Urban sprawl is measured by the inch in Smallville, U.S.A., one of the features of this weekend's Dollhouse and Miniature Exhibit at Toledo Botanical Garden.

The little burg - a one-inch to one-foot scale model covering about 1,050 square feet - has been growing for the last nine years through the efforts of the Toledo Area Miniature Enthusiasts, a group of about 35 area residents who sponsor the annual show. Jeanne VanderMeer, club president, says that the project began when members bought “lots” - half a ceiling tile - for $1 apiece on which to build their contribution to the community.

“I have a fish-and-chips stand. Somebody has an antique store and there's a general store and bakeries,” Mrs. VanderMeer says. There's also a gas station, museum, and saloons. A park has flowers, trees, and bushes that were made by members.

Mrs. VanderMeer formed the Toledo Area Miniature Enthusiasts in 1976. She had recently moved here from Cleveland, where she was a charter member of a miniaturing group, and she wanted to find other people in northwest Ohio and southeast Michigan who shared her passion for creating and collecting dollhouses and scale miniatures.

She put an ad in the newspaper. The phone began ringing and didn't stop until 65 people had responded. The first meeting drew 35 people.

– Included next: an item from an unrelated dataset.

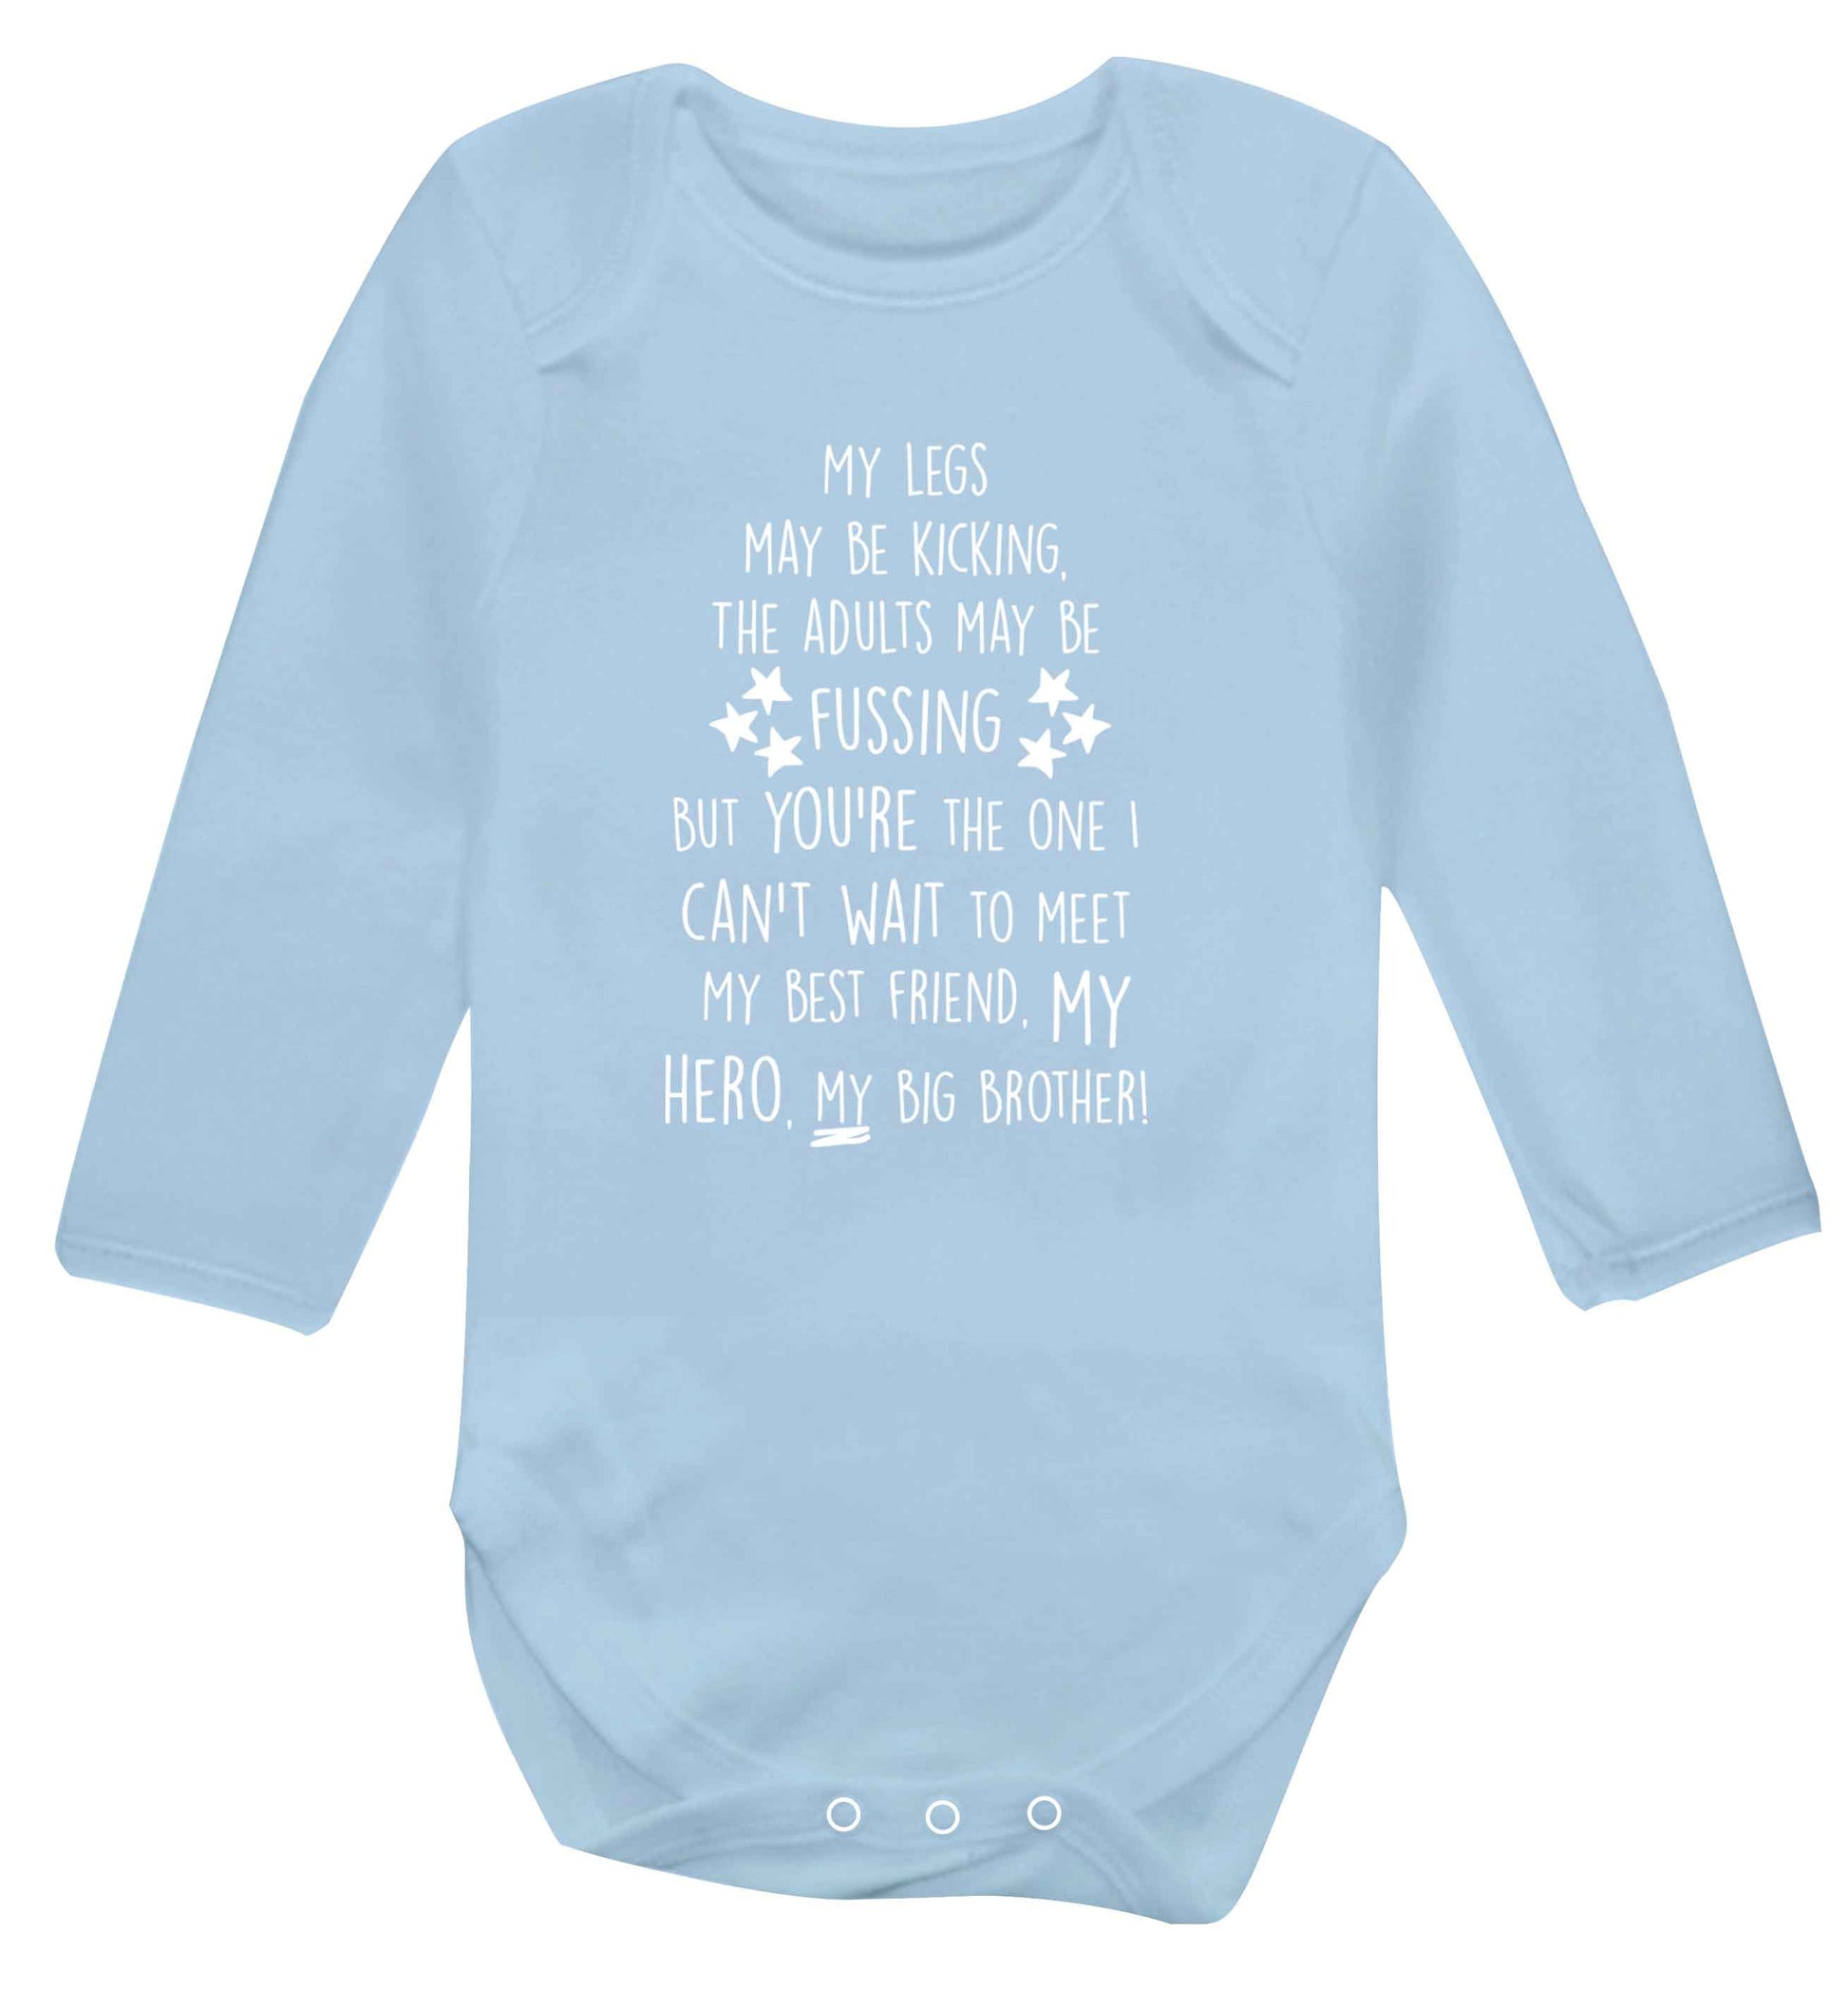 A poem from bump to big brother Baby Vest long sleeved pale blue 6-12 months

“At one point we had over 100 members,” she says.

Certainly this isn't a hobby for the impatient. Mrs. VanderMeer estimates that the Smallville project represents hundreds of thousands of hours of work.

Exhibitors also will be showing off their artistry and competing for awards in categories including dollhouses, room boxes, landscaping, dolls, holidays, juniors under age 16, and very small-scale projects that are half or quarter-inch to the foot - or less. “One lady made an RV in one-12th scale,” Mrs. VanderMeer says.

On Saturday, the public will be able to vote for People's Choice awards. A special trophy for excellence in craftsmanship will be awarded on Sunday, for the seventh year.

About 400 people are expected to attend the free exhibition.